Mixed Precision DNNs: All you need is a good parametrization
This work addresses the challenge of efficient DNN inference on mobile or embedded devices by improving mixed precision quantization methods, though it is incremental as it builds on existing differentiable quantization techniques.
The paper tackles the problem of selecting optimal bitwidths for mixed precision quantization in deep neural networks by proposing a parametrization of the quantizer using step size and dynamic range, which leads to stable training and state-of-the-art performance on CIFAR-10 and ImageNet.
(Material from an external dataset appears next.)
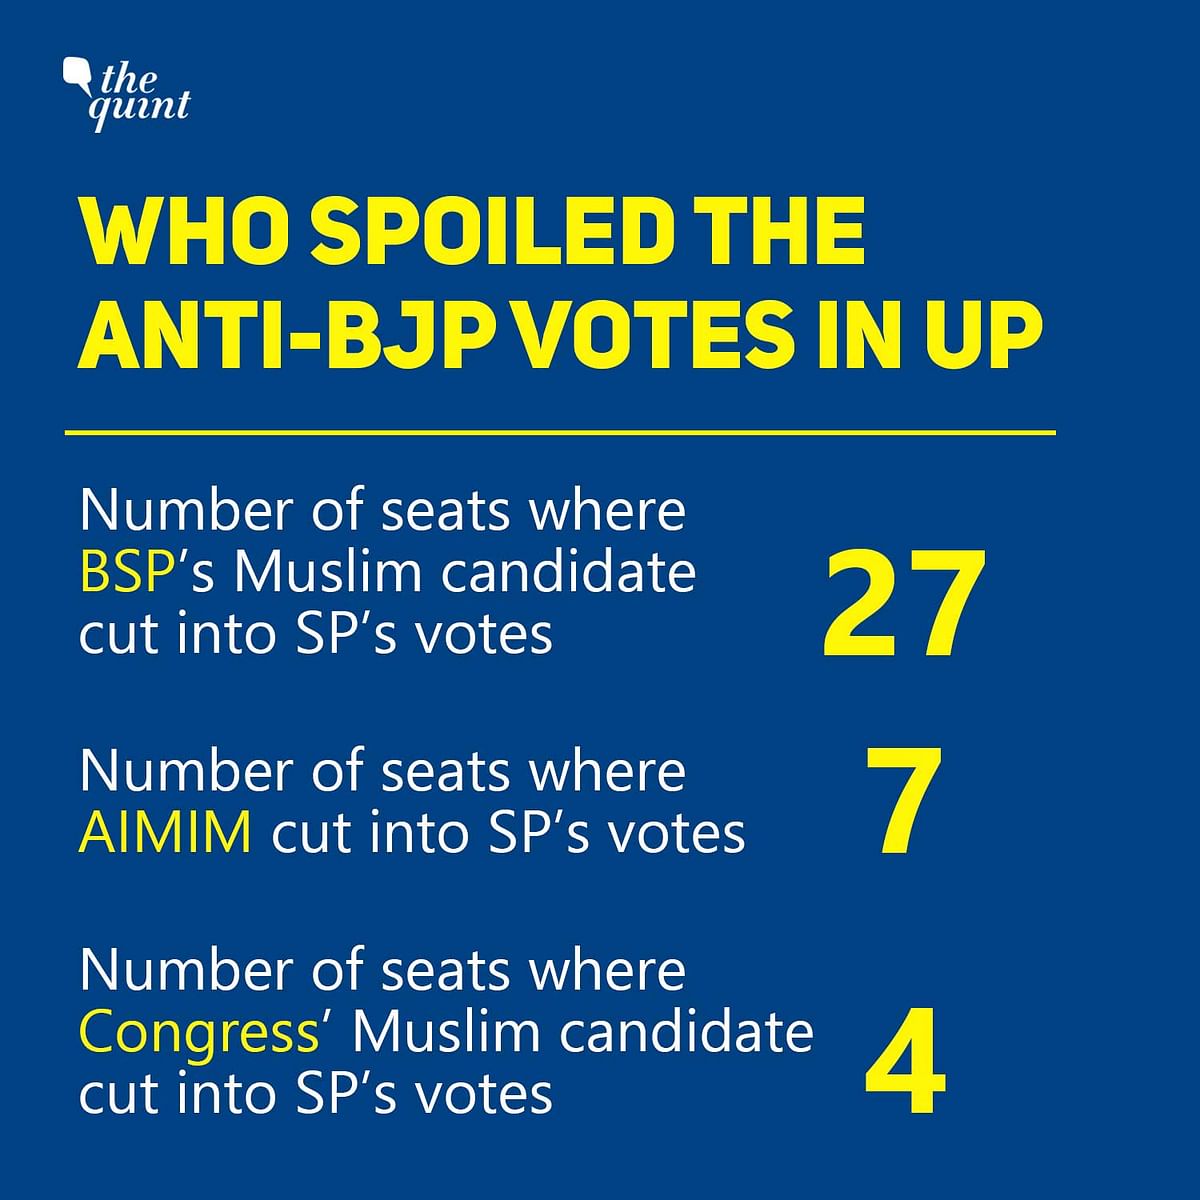 The Quint analysed all 273 seats where BJP+ won in UP, and found 38 on which BSP, AIMIM and Congress cut SP's votes.

Efficient deep neural network (DNN) inference on mobile or embedded devices typically involves quantization of the network parameters and activations. In particular, mixed precision networks achieve better performance than networks with homogeneous bitwidth for the same size constraint. Since choosing the optimal bitwidths is not straight forward, training methods, which can learn them, are desirable. Differentiable quantization with straight-through gradients allows to learn the quantizer's parameters using gradient methods. We show that a suited parametrization of the quantizer is the key to achieve a stable training and a good final performance. Specifically, we propose to parametrize the quantizer with the step size and dynamic range. The bitwidth can then be inferred from them. Other parametrizations, which explicitly use the bitwidth, consistently perform worse. We confirm our findings with experiments on CIFAR-10 and ImageNet and we obtain mixed precision DNNs with learned quantization parameters, achieving state-of-the-art performance.